• Exercise requirements: Reproduce the whole listing exactly and let no picture into the copy.

• Data below:

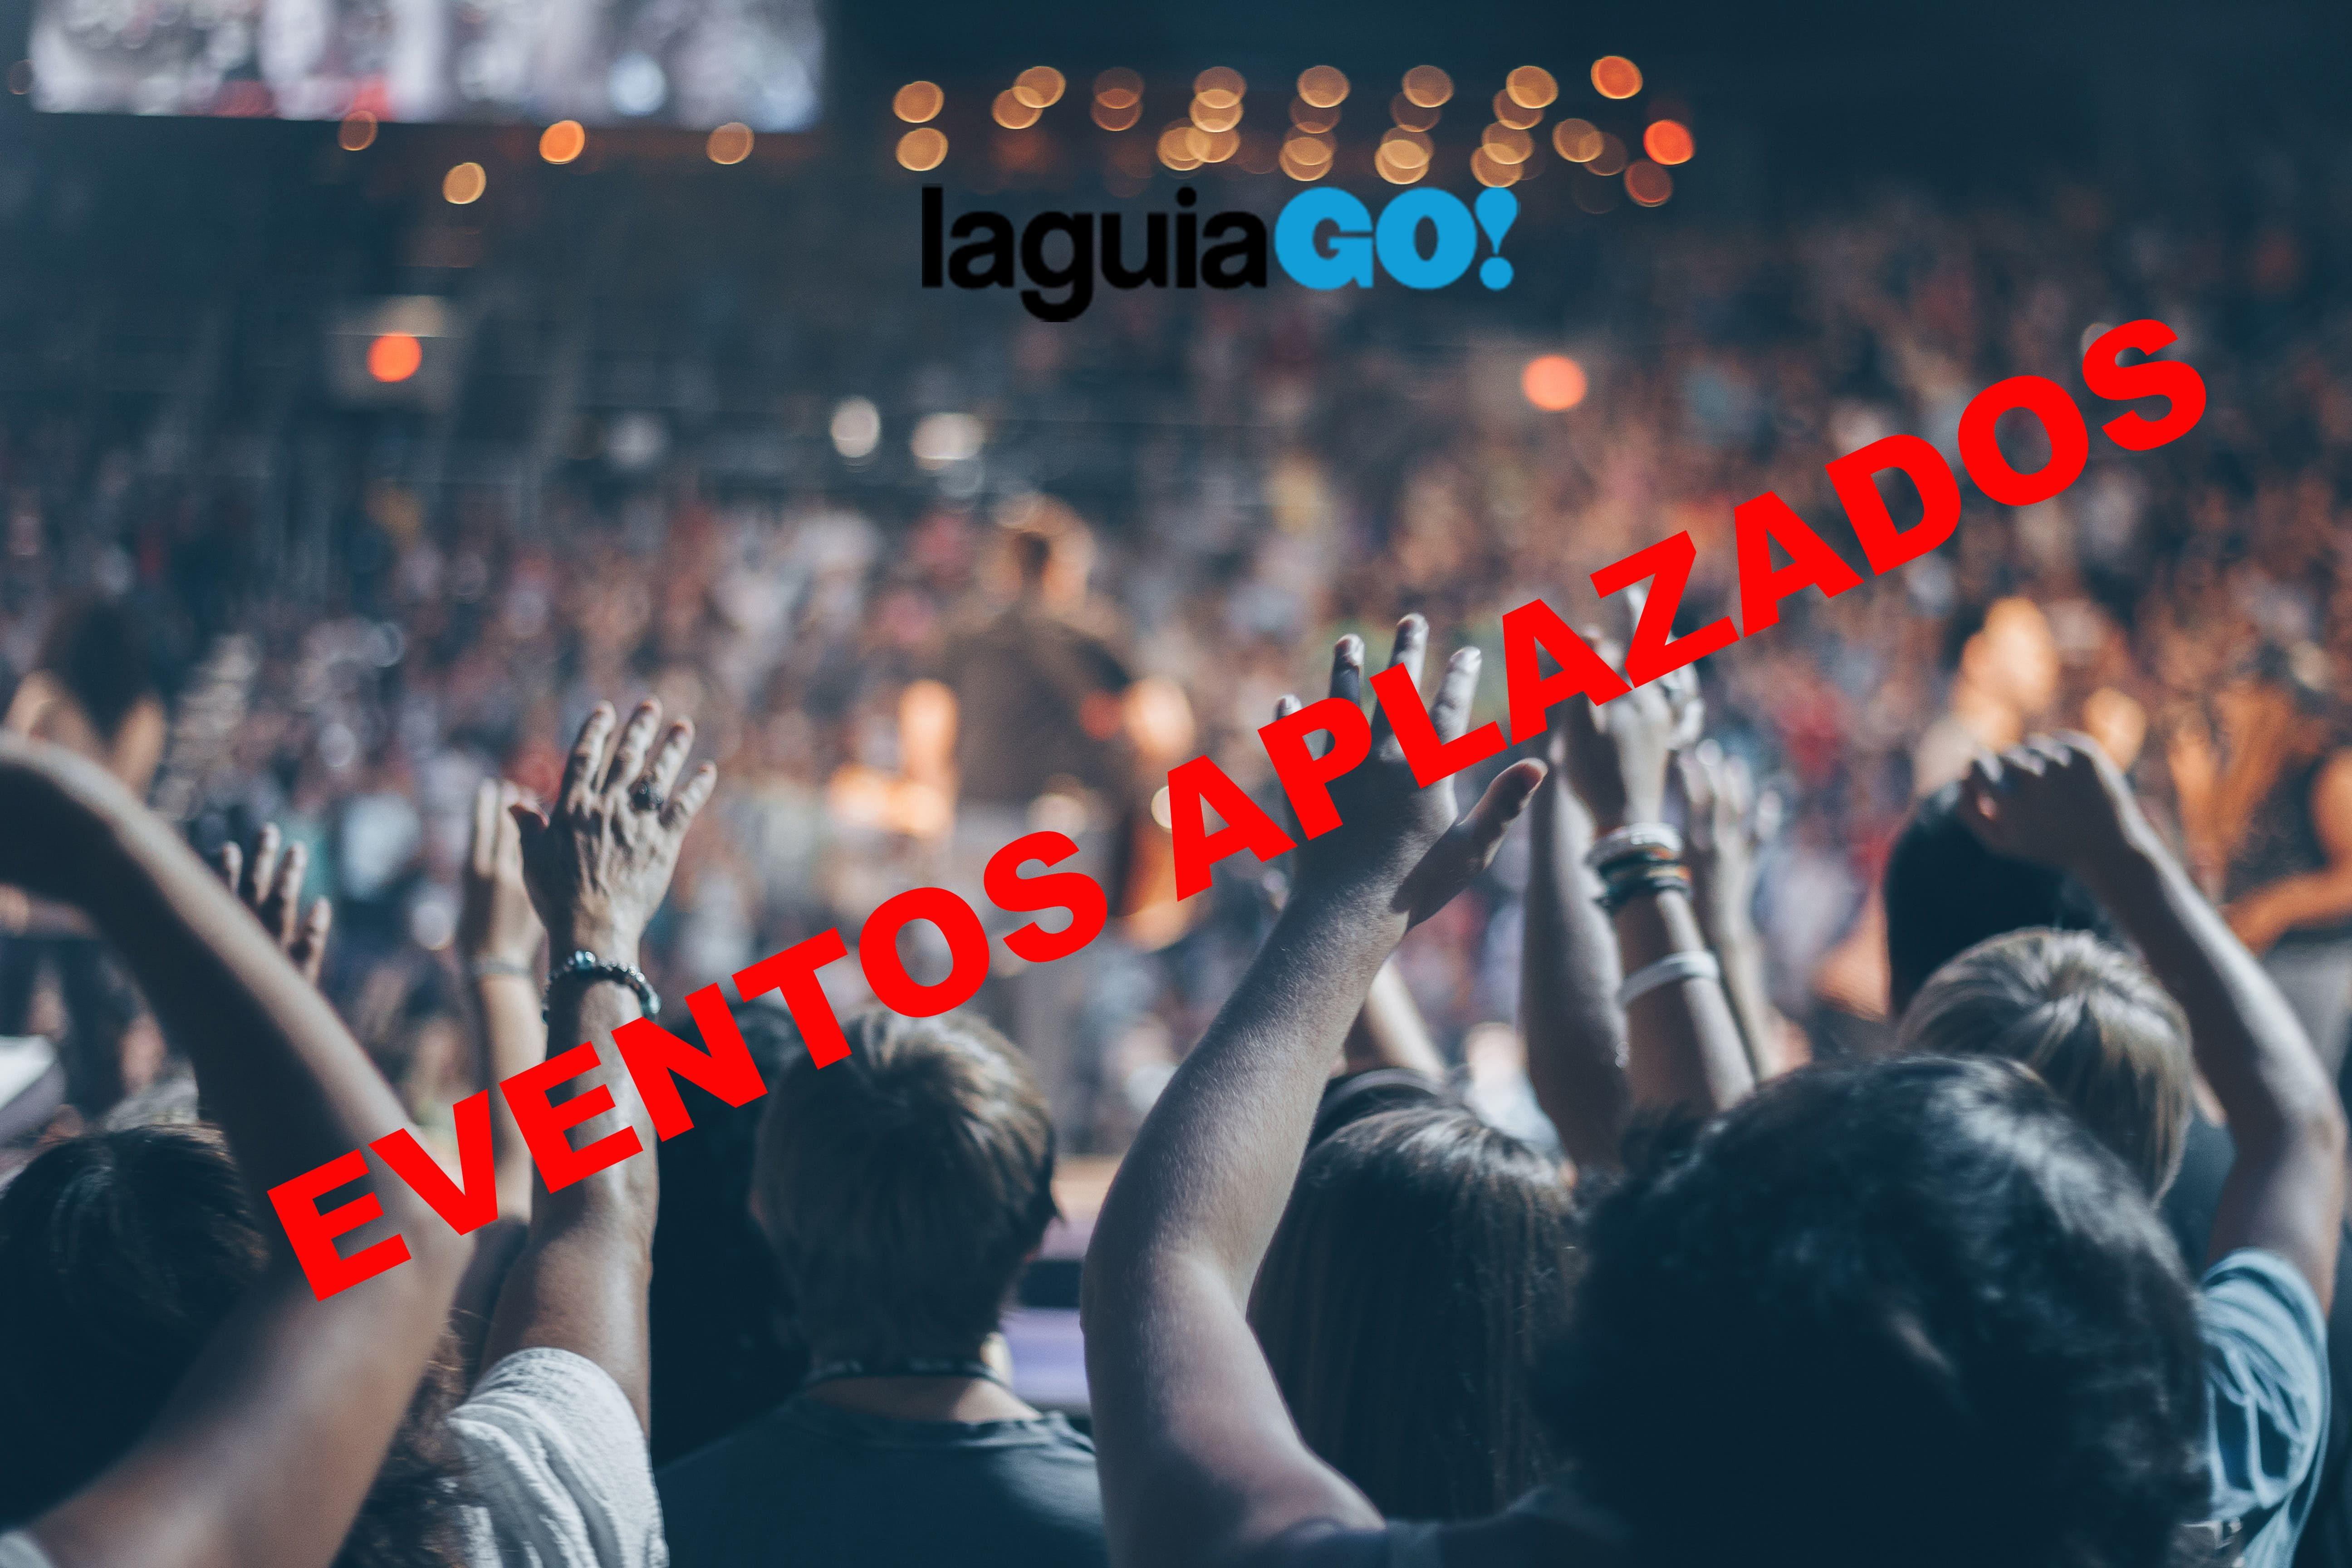 Aplazamiento y cancelación de eventos culturales por el Covid-19 en Pontevedra
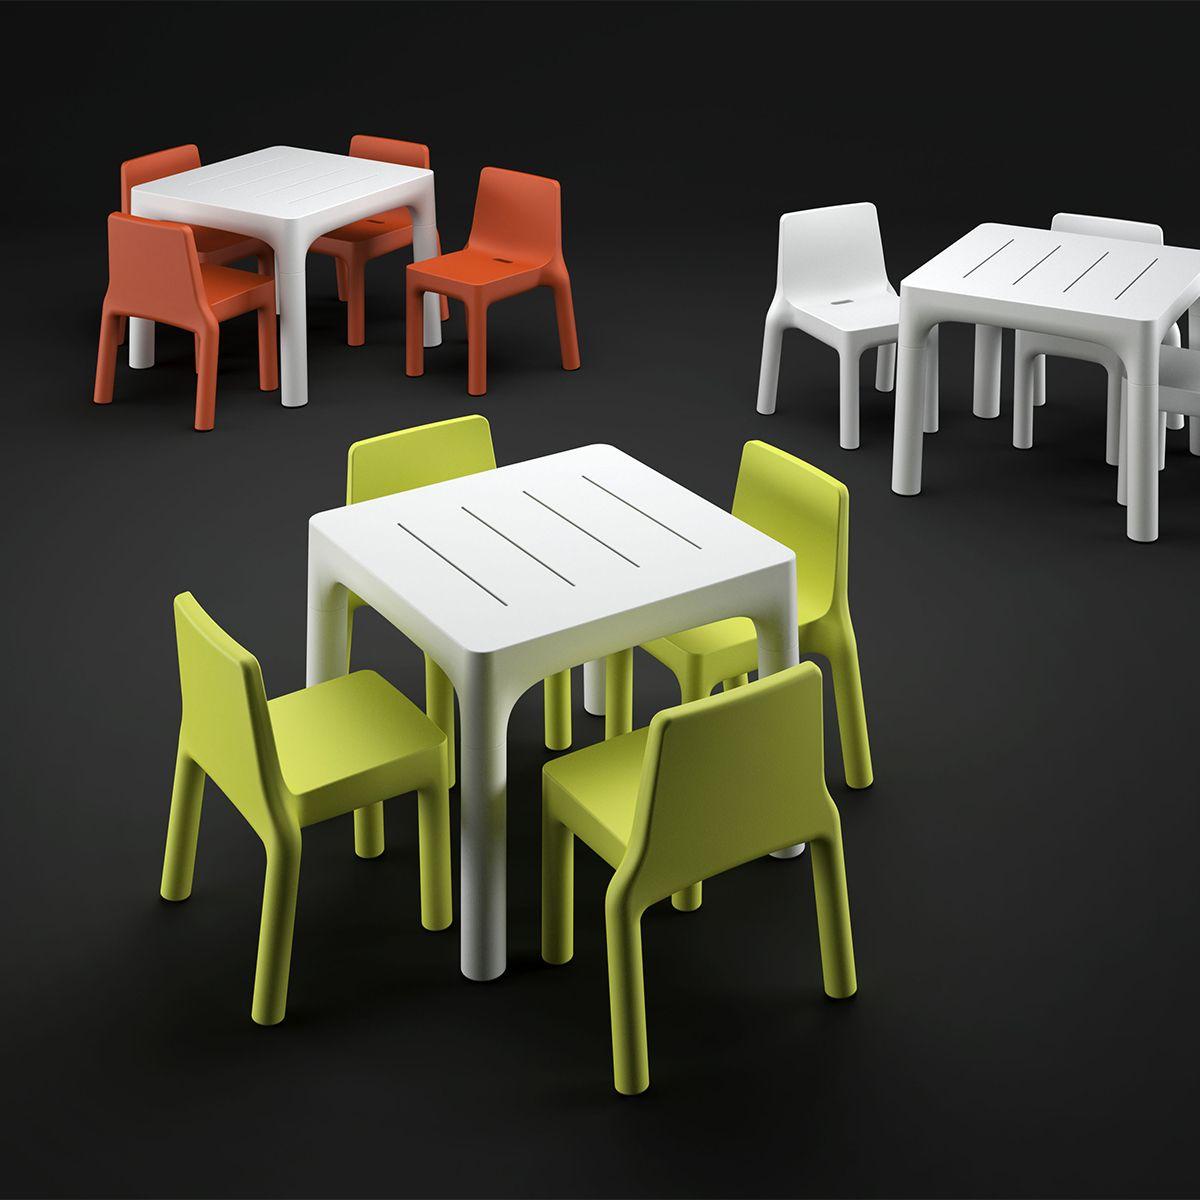 tavoli e sedie colorati per ville giardini e masserie
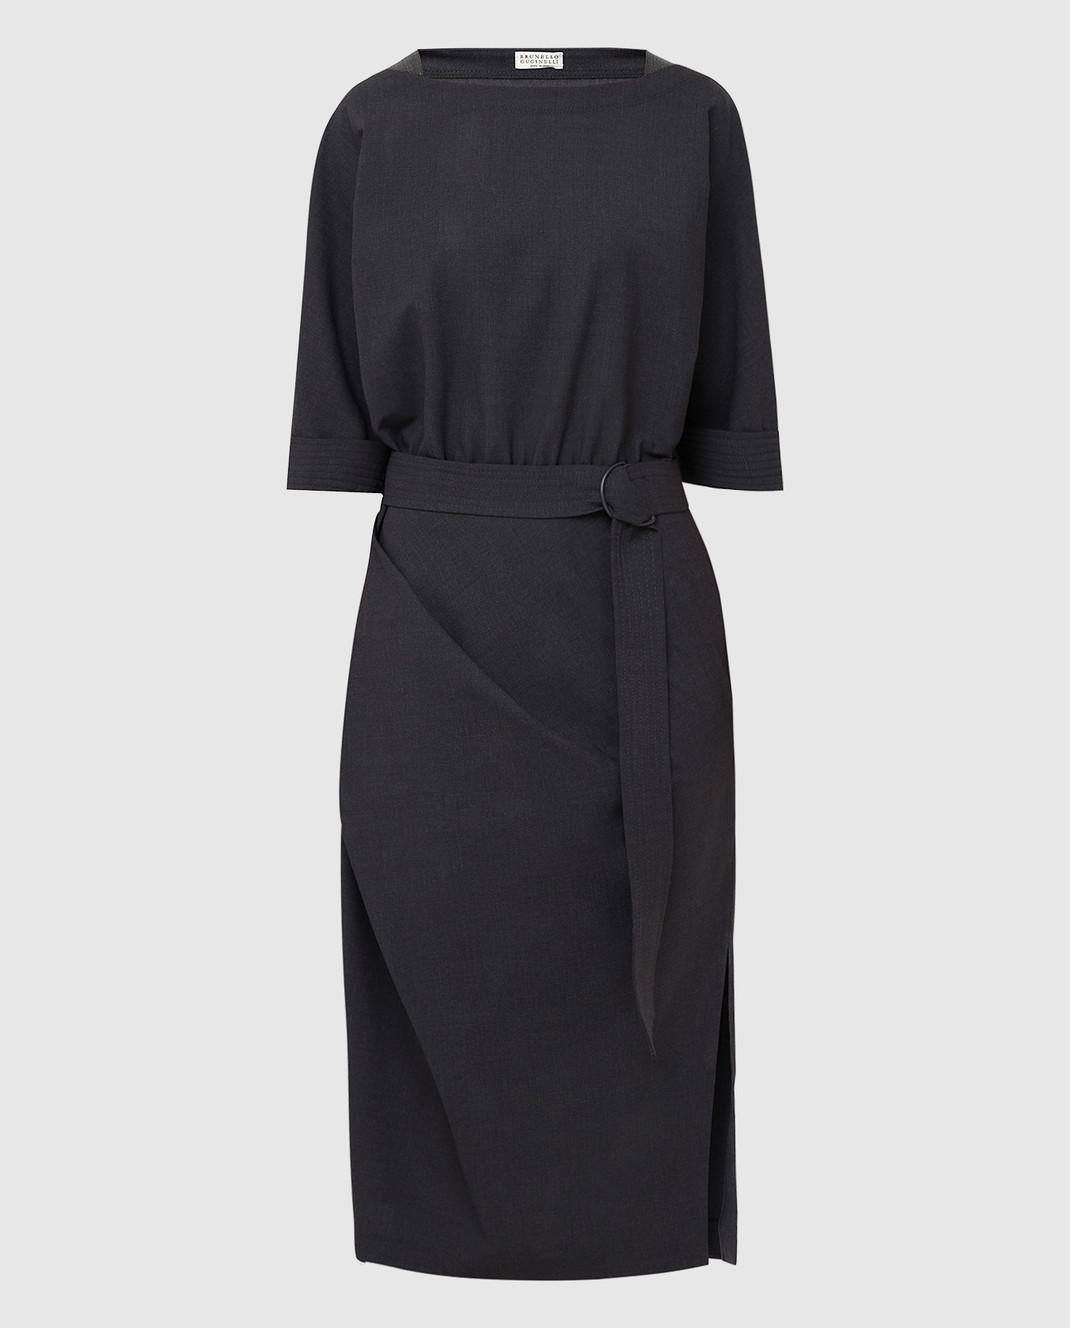 Brunello Cucinelli Темно-серое платье из шерсти изображение 1
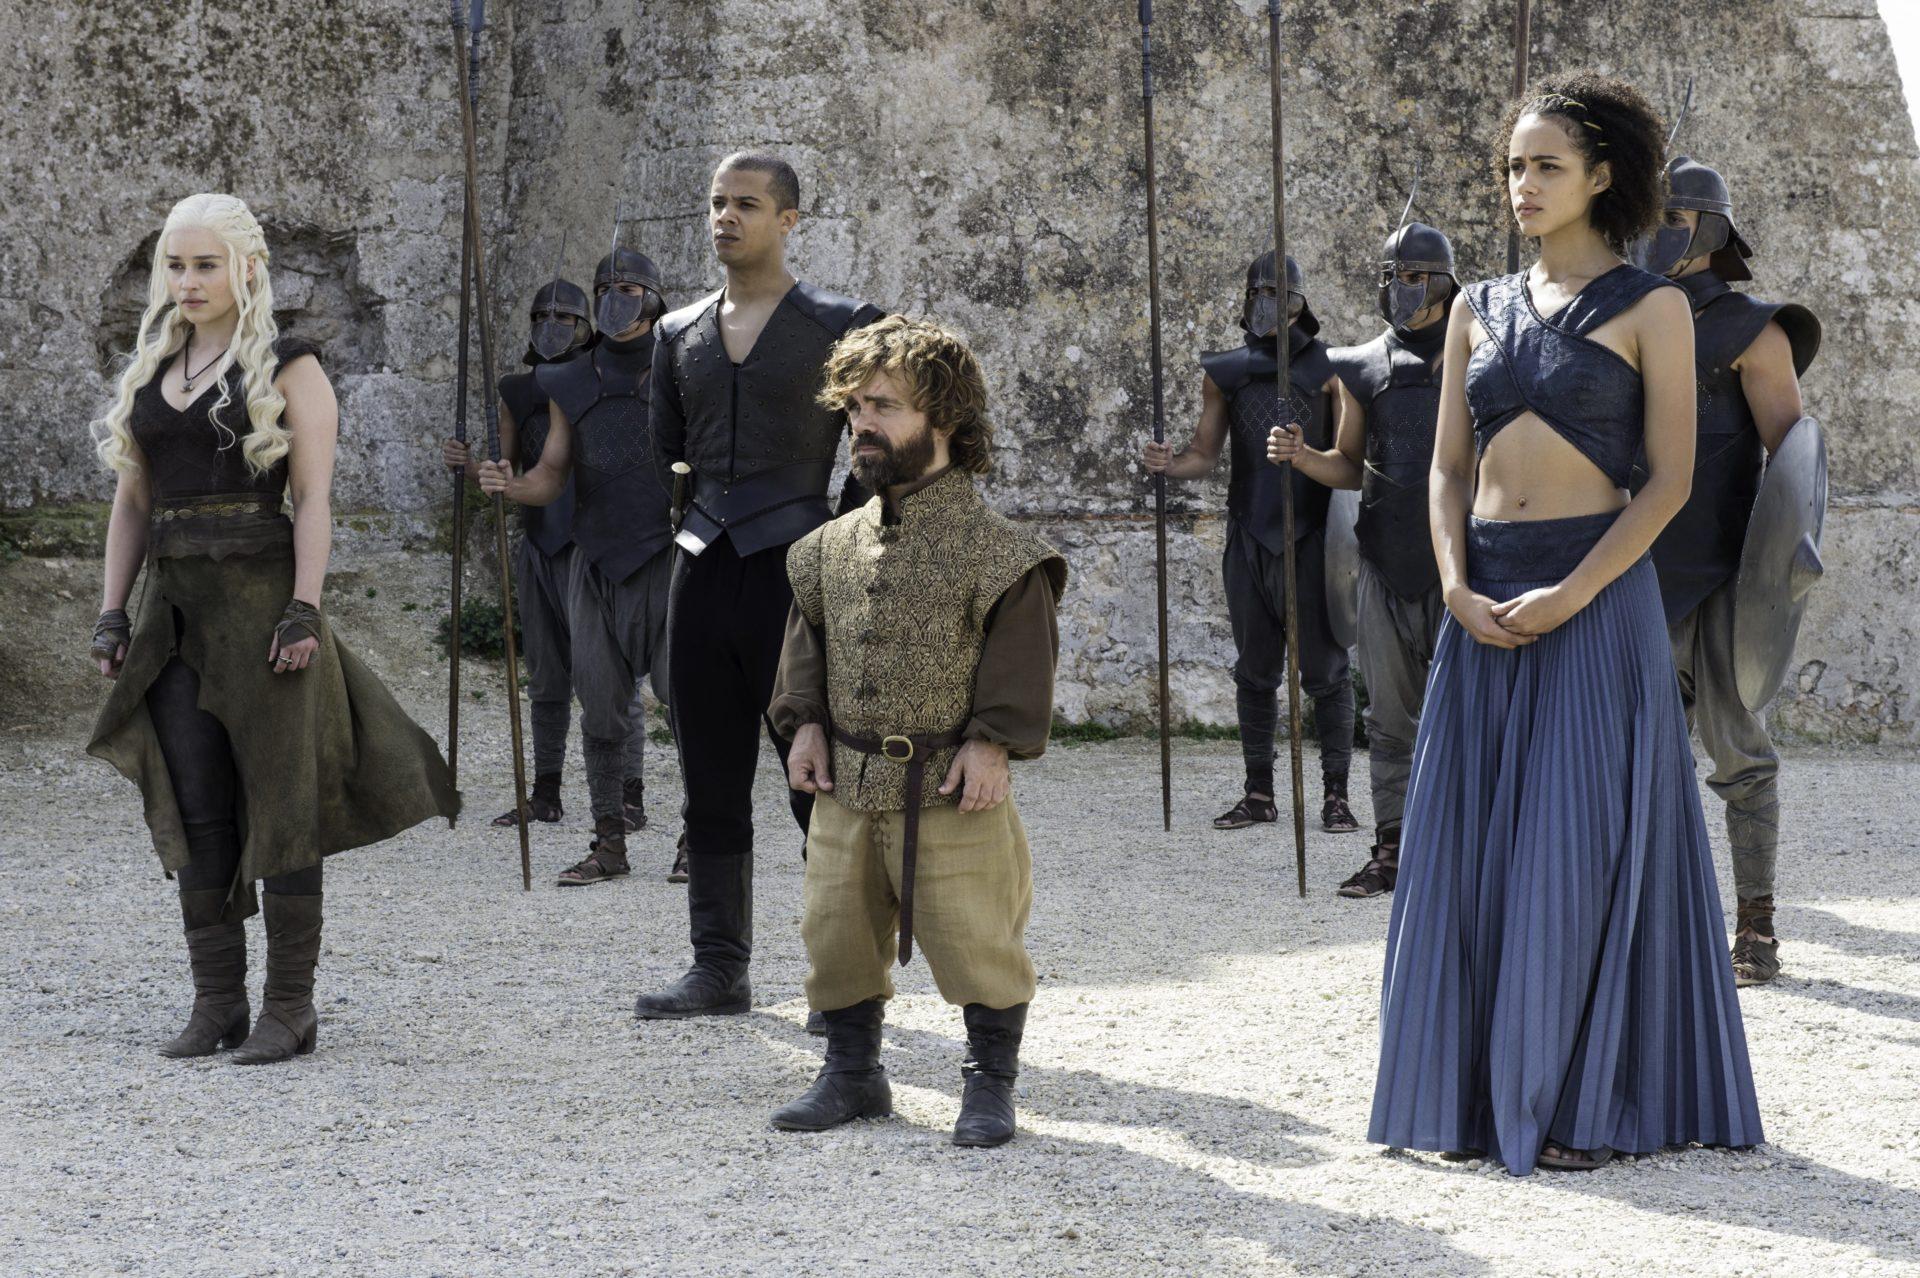 Game of Thrones: Atriz relata constrangedor incidente na série - 1

• Finished task:
 Aplazamiento y cancelación de eventos culturales por el Covid-19 en Pontevedra
 tavoli e sedie colorati per ville giardini e masserie
 Brunello Cucinelli Темно-серое платье из шерсти изображение 1
 Game of Thrones: Atriz relata constrangedor incidente na série - 1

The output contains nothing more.